The piece covers every position group, skill players, offensive line, defense, and that interior OL ranking published alongside it is worth cross-referencing. Guards and centers rarely move the needle on public attention, but the teams with multiple top-10 interior linemen clustered on their rosters are quietly better bets on team totals and rushing props than their current prices reflect. I'm stacking the OL rankings against early team win totals to look for spots where the line hasn't absorbed the depth signal yet.

On the skill side, wherever there's a clear consensus No. 1 at a position, quarterback especially, the futures around that player's team tend to be priced tighter than they should be because the market already knows. The value isn't at the top of those lists. It's in the players ranked four through seven: good enough to carry a game, underpriced because they don't own the headline slot. Those are the names I'm running against player prop markets when they open for the season.

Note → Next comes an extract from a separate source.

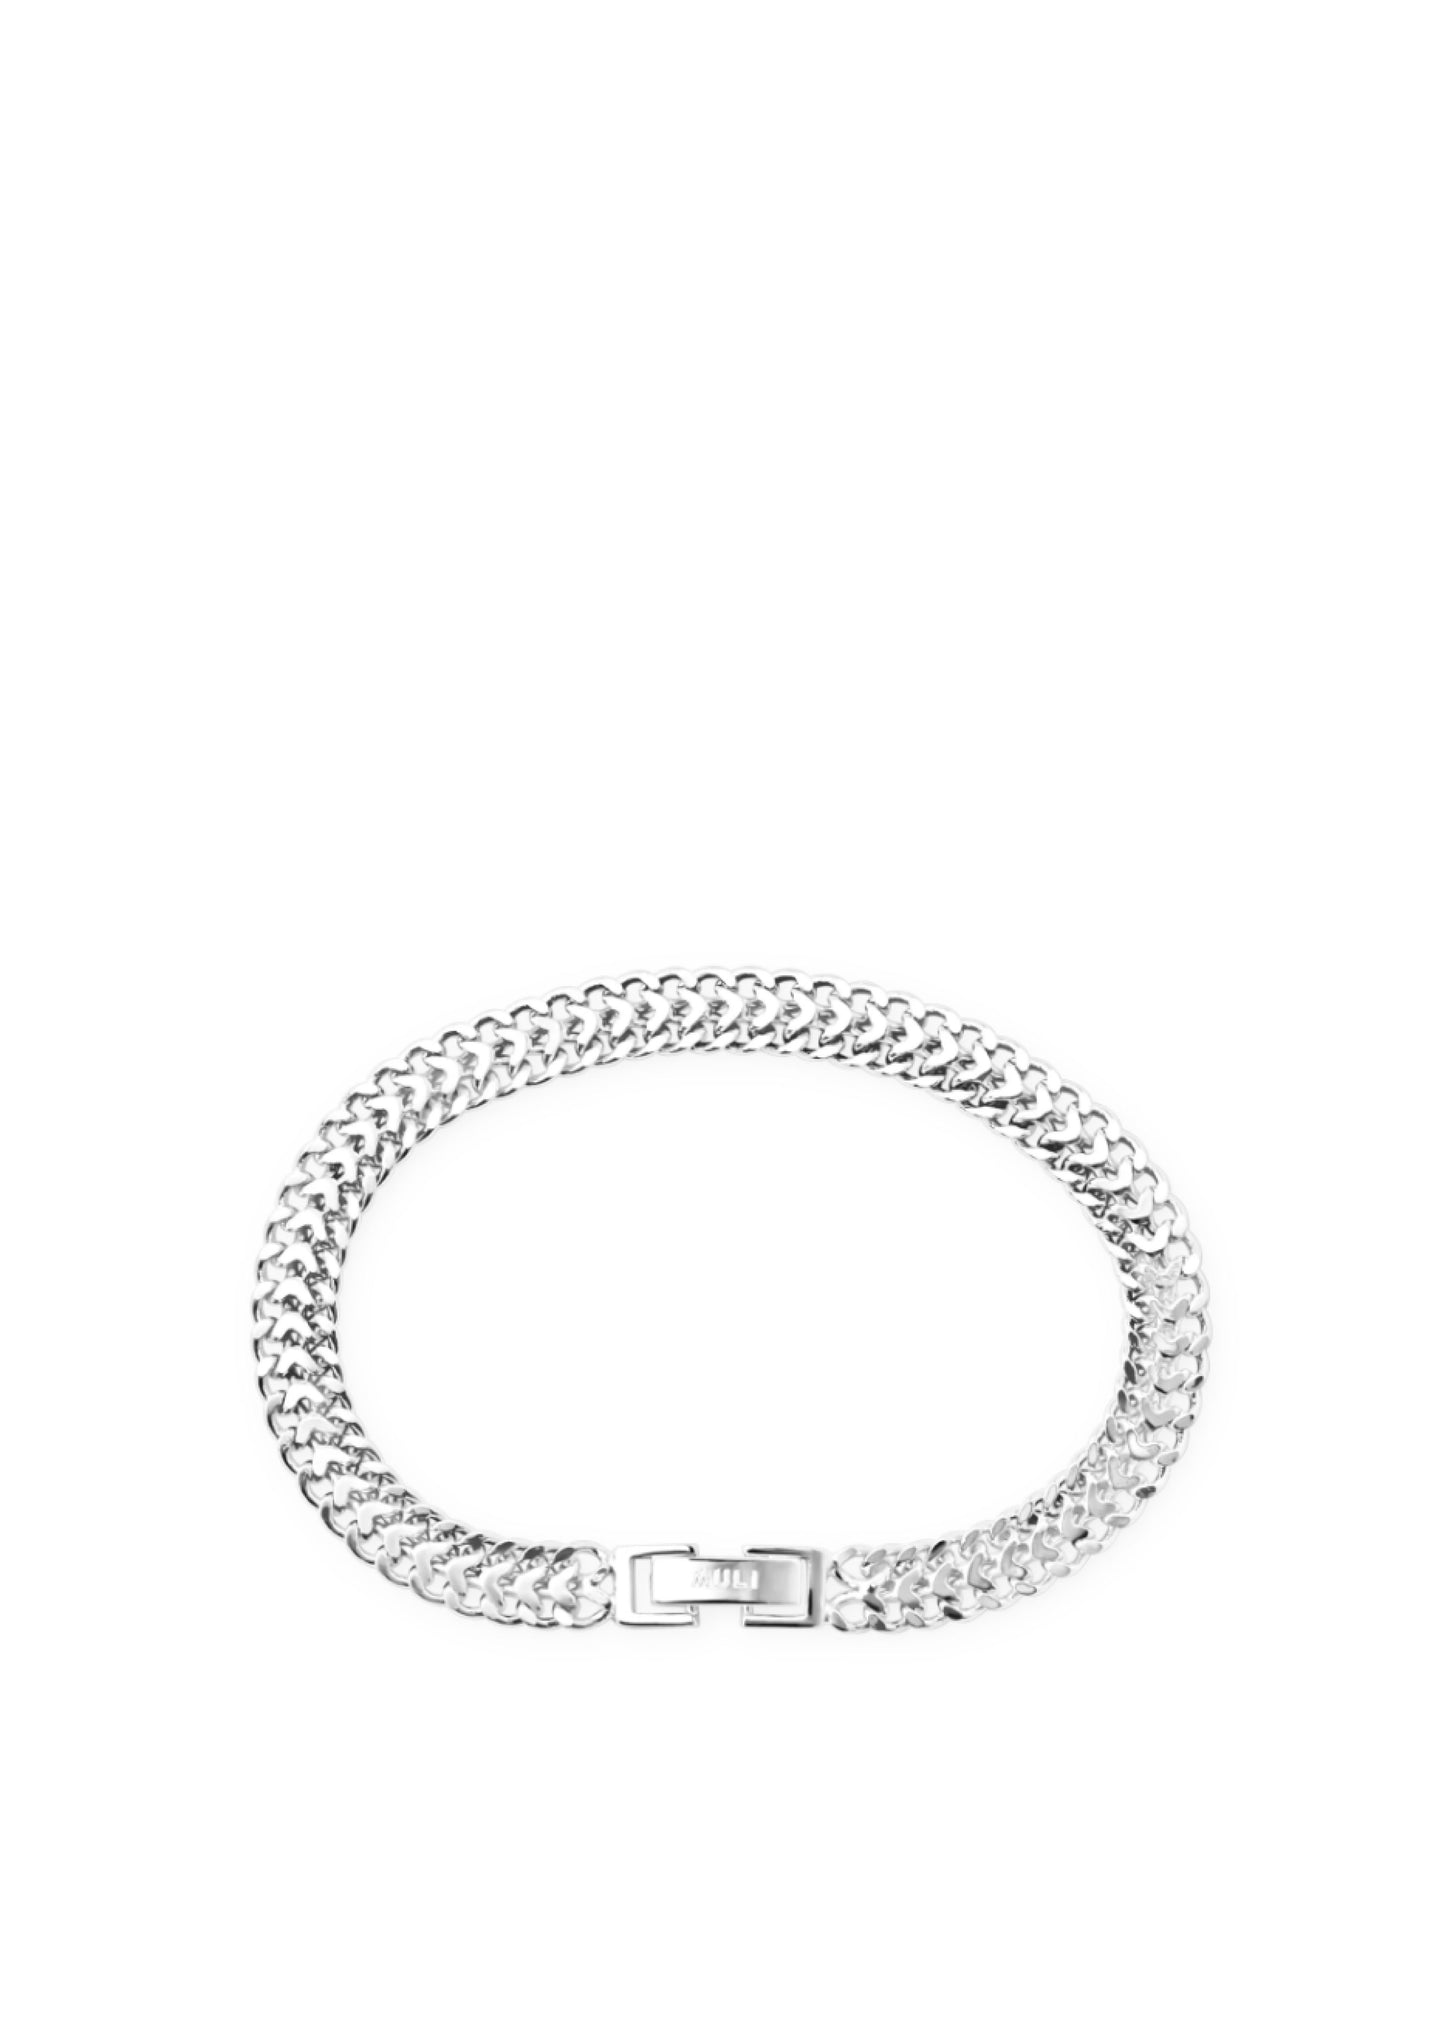 Silver Double Curb Chain Bracelet

The full breakdown across all positions gives a useful reality check against preseason narratives. A team that gets talked up in camp but doesn't have a single player landing in the top 10 at any position is a fade candidate on futures. A team with three or four consensus top-10 guys at complementary positions, say, a top receiver paired with a top interior lineman and a top cornerback, is structurally better than its win total might reflect.

What I'm watching now: when books post early regular-season win totals and game lines, I'll be mapping the position rankings directly against the implied team strengths baked into those numbers. If the consensus says a roster is elite at four positions and the total still looks like a 7.5-win number, that gap is where the work gets done.